Save kevinburke/6ad68982010cd6e41604 to your computer and use it in GitHub Desktop.
Clicky / Google Analytics Traffic Discrepancy

Why does Clicky report more traffic than Google Analytics?

(I'm not sure how familiar you are with this, but thought I would try and provide some background. Feel free to skip to below if this is familiar). Analytics tracking consists of 3 main tasks:

  1. Download the tracking javascript from the source webpage, in this case http://www.google-analytics.com/ga.js and http://static.getclicky.com/js. This code runs on your site and gathers various pieces of information about the user.

  2. Set a cookie in the user's browser so that multiple page views can be tracked to the same user

  3. Make a request back to the data warehouse with tracking data. For example, Google Analytics (GA) requests a 1x1 pixel image. But included in the request is a whole bunch of tracking data - the URL, the Google keywords used to get to the page, etc. Here are the parameters Google sends on first page load.

A handy guide to these keywords can be found here

Usual causes of traffic discrepancies

  • Latency between a page loading in a user's browser and the event getting to GA/Clicky. These all have to happen to register a page view:

    • GA has to download its tracking code
    • Your browser executes the tracking code
    • Once GA wants to phone home with the request data, it has to figure out where to send the data to, translating google-analytics.com into an IP address (DNS lookup)
    • Browser must send the data (HTTP request)

    If someone navigates away while a request is in progress, GA/Clicky may not register a page view.

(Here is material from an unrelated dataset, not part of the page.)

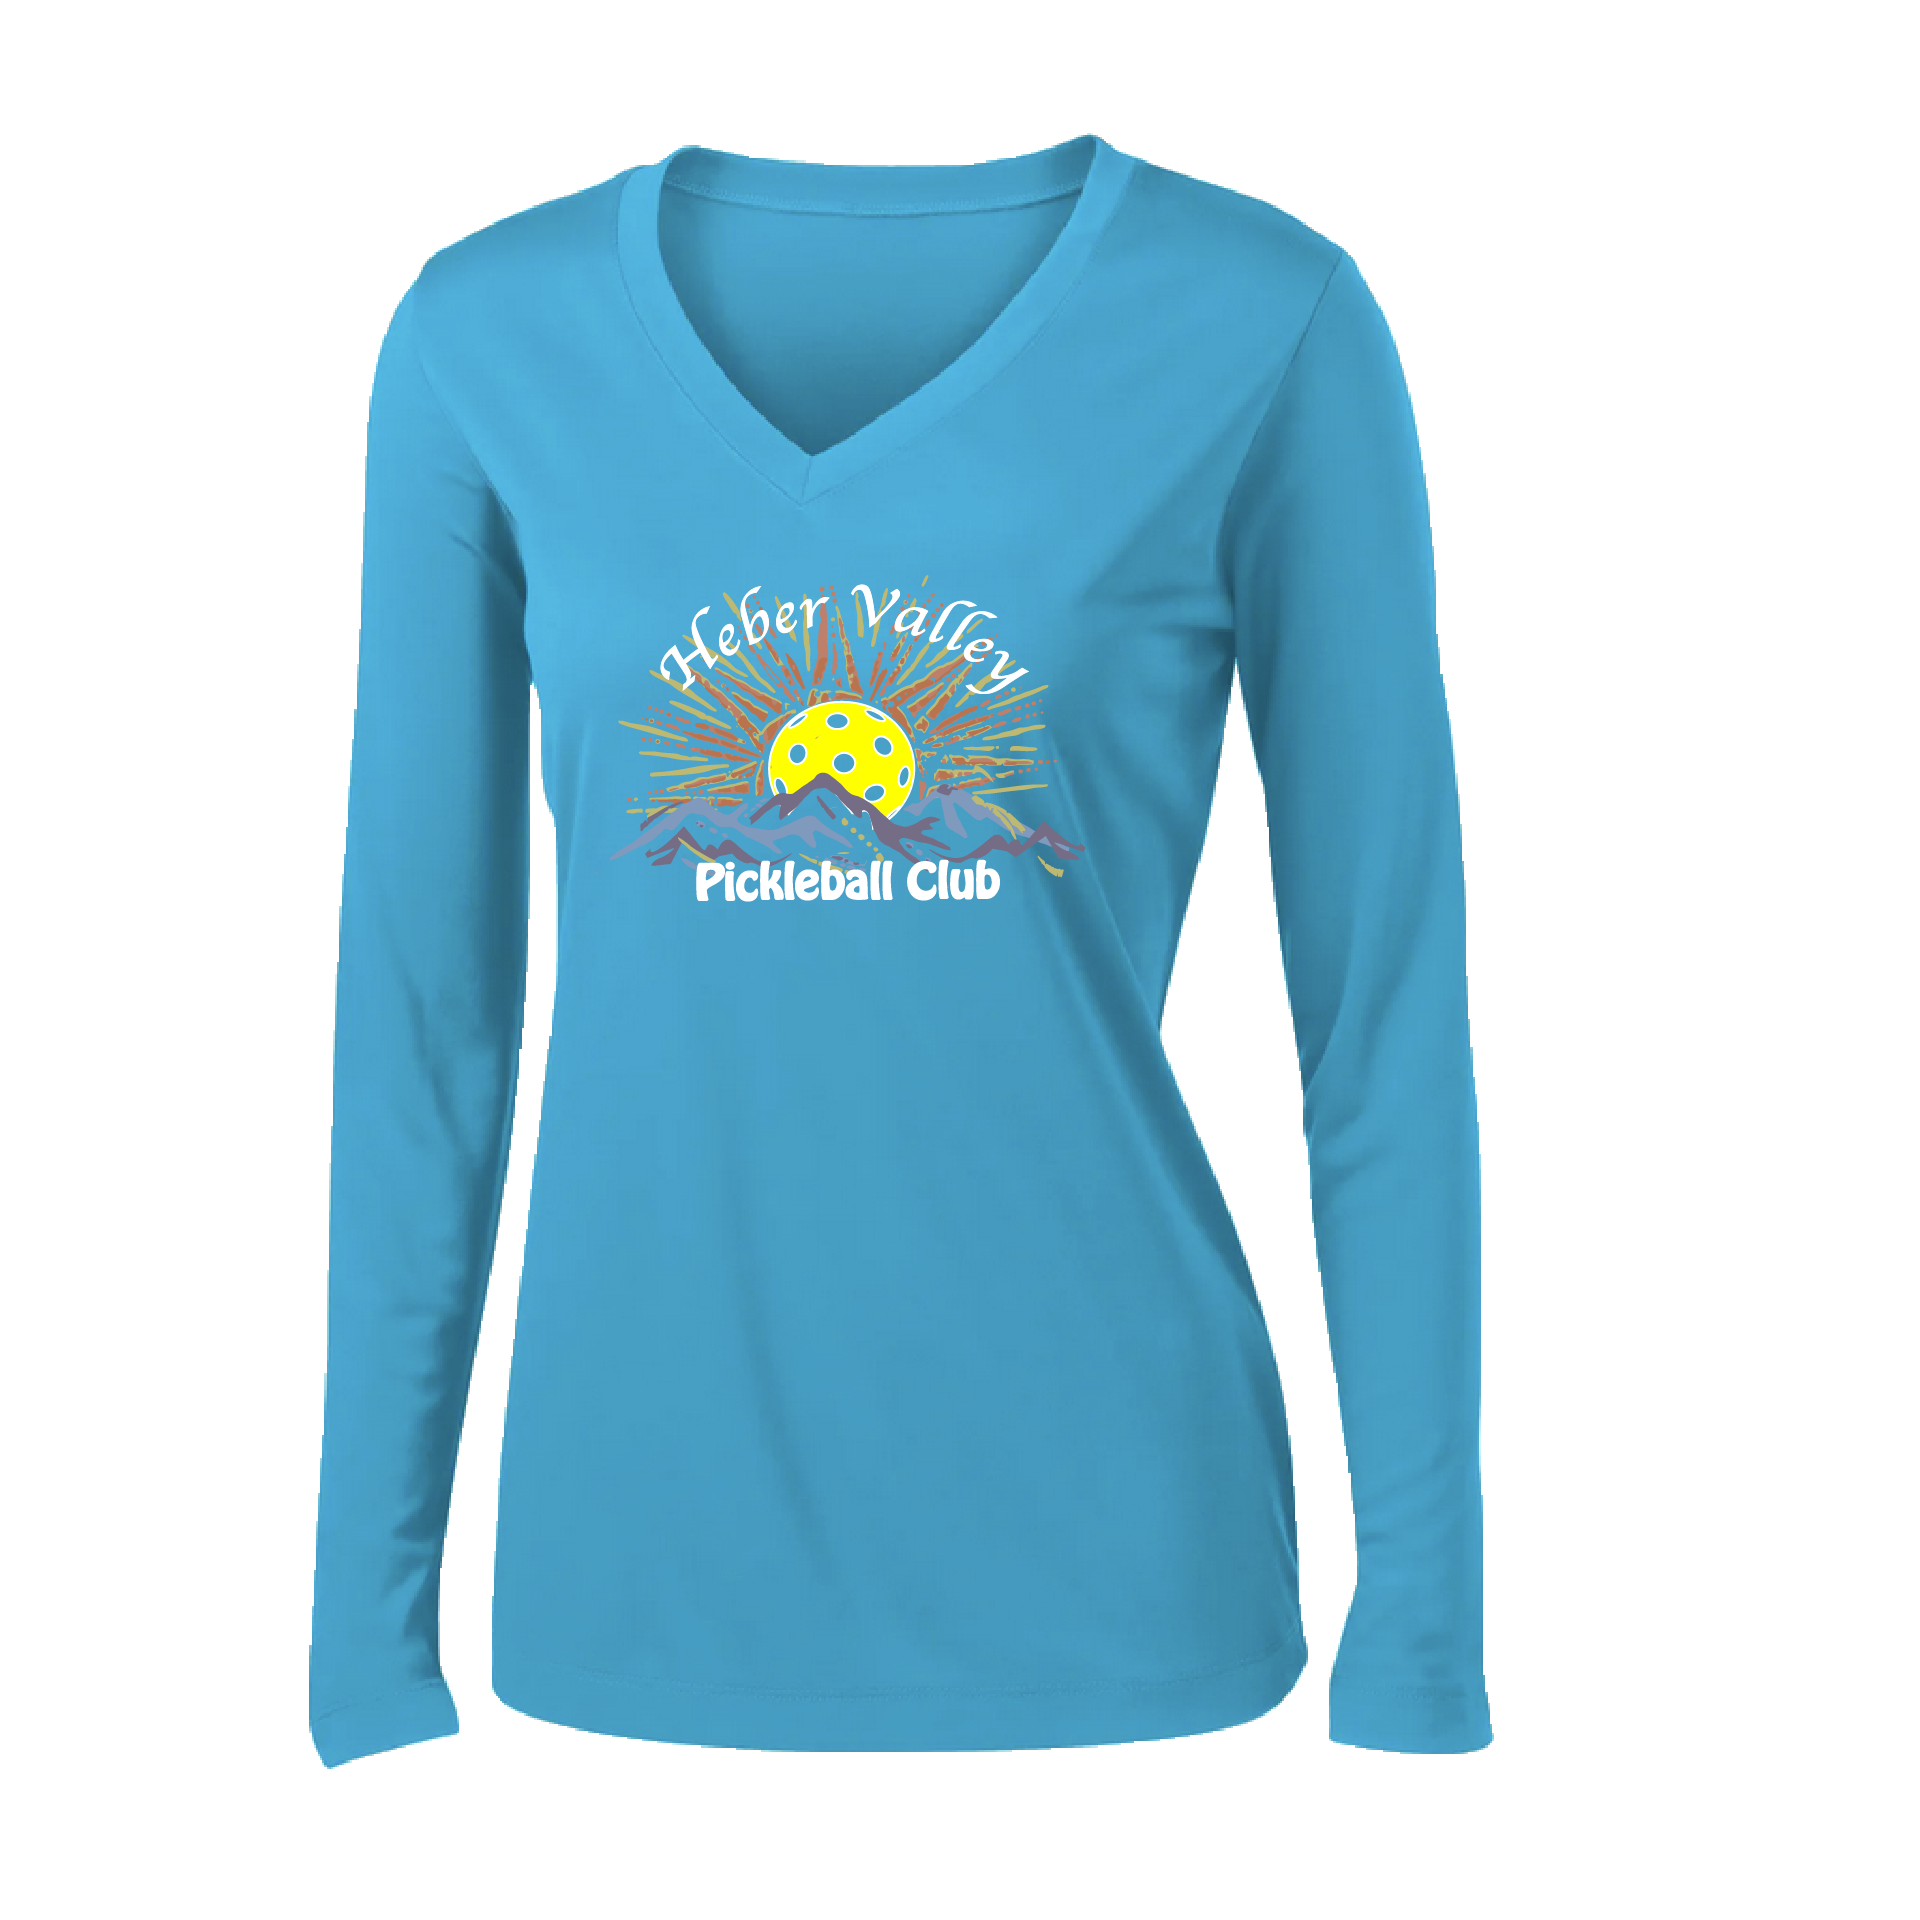 Pickleball Shirt Design: Heber Valley Pickleball Club   Women's Styles: Long Sleeve V-Neck  Turn up the volume in this Women's shirt with its perfect mix of softness and attitude. Material is ultra-comfortable with moisture wicking properties and tri-blend softness. PosiCharge technology locks in color. Highly breathable and lightweight.

  • How trackers handle automated traffic (crawlers, bots). Bots are getting more sophisticated and some (including Google's search crawler) can run Javascript. Trackers may vary in their ability to detect and filter automated traffic.

  • How trackers handle users without Javascript; roughly 1% of people browse the web with Javascript disabled and tracking tools try, with varying degrees of success, to track these users. I believe GA does not try to track them at all, where Clicky does.

  • How trackers handle site administrators. Clicky for example discards views from users who are simultaneously logged into Clicky and visiting Givewell. There are also plugins that provide this functionality for GA.

Possible reasons for discrepancies

Roughly, from what I believe to be the most likely to the least likely.

  • GA is discarding pageviews that Clicky counts. There is lots of automated traffic that hits a website. Particularly, Clicky tries to get browsers without Javascript (including bots) to make a request for a tracking image, so these visitors can be counted in overall page view reports, where Google Analytics does not. However, Clicky states that it filters bot traffic. A way to test this would be to set up a test account in Clicky, pretend to be Googlebot or similar and make a request for the test image. If Clicky registers these image requests as page views, then this may explain some of the variance in traffic.
  • There is some Drupal plugin that hides GA tracking code for logged in Givewell staff, but not Clicky. In this case the increased Clicky traffic could be due to staff visits not counting toward GA traffic, but counting toward Clicky. A way to test this may be to

  • The Google Analytics (GA) loading code is located near the beginning of Givewell's web page, while Clicky is loaded at the end, so people who don't load the whole page only register for GA. The theory is that people on slow connections, or who only visit the page for a short period of time, register a visit with Google Analytics, but don't fully download the contents of the page, so Clicky does not register a hit. However this hypothesis is probably false, because Clicky has registered more traffic.

  • Givewell page architecture has changed It is possible that the page layout has changed, eg in February 2014 someone moved the GA tracking code to the head and Clicky to the footer, or something. This may have had an effect on analytics for the reason stated above.

  • Clicky is "quicker to the draw" than GA, somehow, and capturing people who visit/leave the page quickly. I tested this by setting the Internet connection on my computer to be extremely slow, clearing cookies and loading Givewell 3 times.

    Attempt 1:

    • Clicky begins request at ~13s, finishes at 22s.
    • GA begins at ~23s, finishes in under 1 second.

    Attempt 2:

    • Clicky begins at 9s, finishes at 19s
    • GA begins at 21s, finishes at 22s

    Attempt 3:

    • Clicky begins at 11s, finishes at 21s
    • GA begins at 24s, finishes at 25s

    Why this big discrepancy? Google's Javascript component (see #1 above) is very large and takes 12 seconds to download on my fake-slow machine. However, many sites load ga.js, and once it's downloaded on any site you visit, you don't need to download it again.

    I tried a second experiment where I visited the Givewell page once to prime the cache, then clicked on the "About" page and measured request timings on that second page.

    Attempt 1:

    • GA starts at 0.7s, ends at 1.3s
    • Clicky starts at 1.2s, ends at 1.6s

    Attempt 2:

    • GA starts at 0.7s, ends at 1.2s
    • Clicky starts at 1.2s, ends at 1.7s

    Attempt 3:

    • GA starts at 0.6s, ends at 1.2s
    • Clicky starts at 1.2s, ends at 1.6s

    So Clicky may have a slight advantage for users loading Givewell without a ga.js file in their cache. However, GA is so prevalent around the web that I don't believe this to be a very big factor. When both files were downloaded and in the user cache, GA was quicker to send tracking requests than Clicky.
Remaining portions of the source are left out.